Industrial Collaboration Project between
National
University of Singapore and
Motorola Electronics (S) Pte Ltd
STUDY OF PHYSICAL ROBUSTNESS OF SMALL ELECTRONICS CONSUMER PRODUCTS
INTRODUCTION
Electronic consumer products like portable CD players, pagers, etc. must exhibit a
certain level of mechanical robustness when subjected to specific impact shock. This is
an essential factor many consumers look at.
This project is part of a collaborative effort between NUS and Motorola Electronics (S) Pte Ltd. The experimental setup involves impacting pagers at different orientations and heights to assess damages in pagers to help in the design process.

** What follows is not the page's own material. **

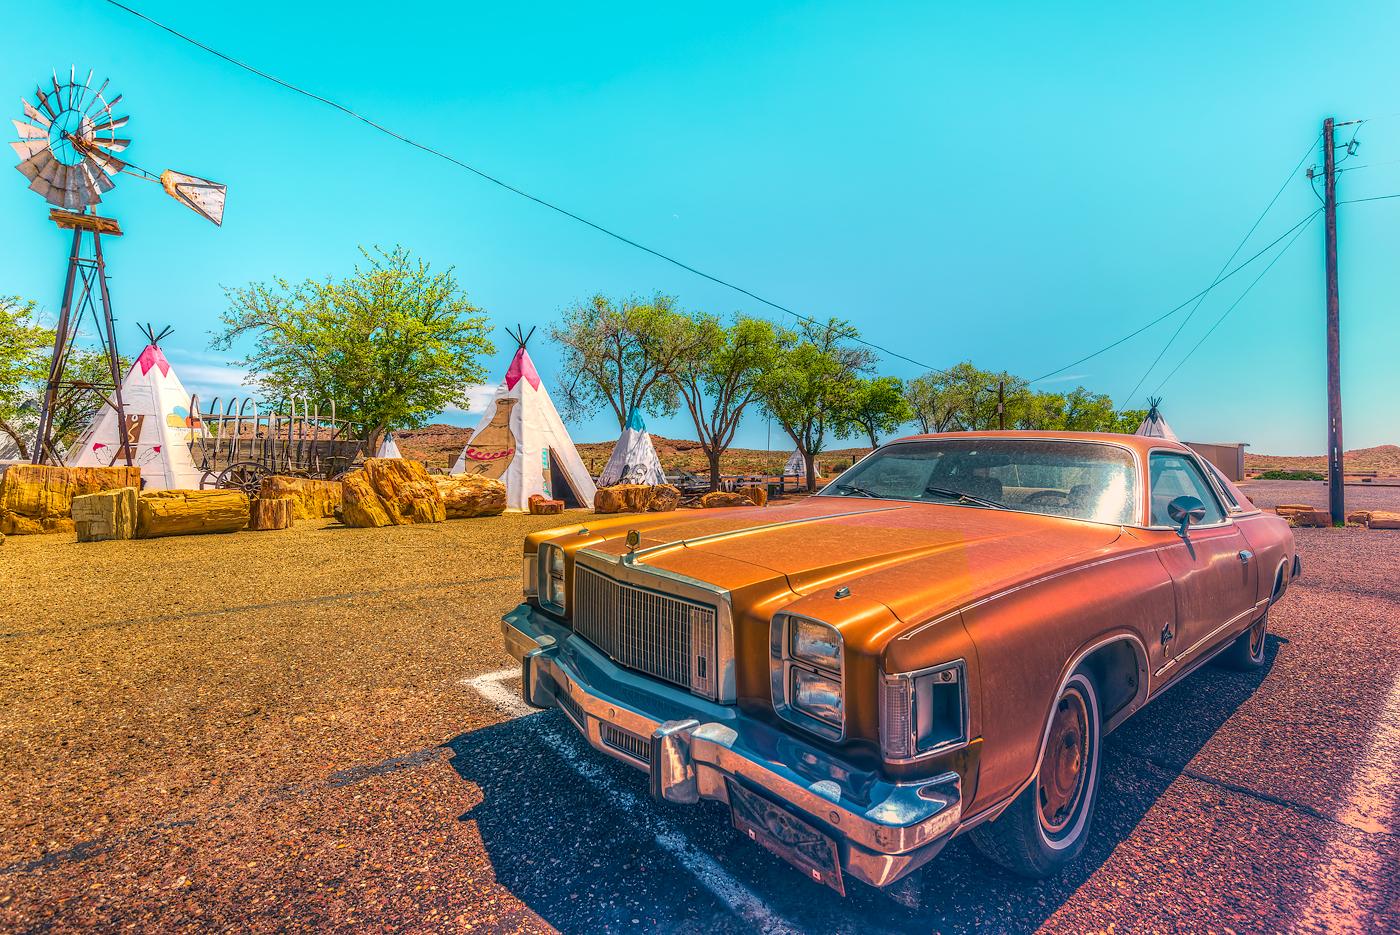 На границата между Аризона и Ню Мексико | Author viktor vichev - victorio | PHOTO FORUM

Finite element software ABAQUS/Explicit is used to simulate pager impact tests and numerical results obtained are verified with those obtained experimentally.
RESULTS
Fig. 1 - Impact force vs impact duration at different drop heights
Figure 1 shows a sample data set whereby the pager is dropped from different heights impacted at a corner. The corner of impact makes an angle of 45 degrees with the plane of impact while both the front and back face is orthogonal to the plane.
It is noted that the same orientation gives the same impact behaviour(ie. the subsequent motion) even for different drop heights. At higher drop height, the impact force experience is larger due to higher kinetic energy at impact. The impact duration is also shorter.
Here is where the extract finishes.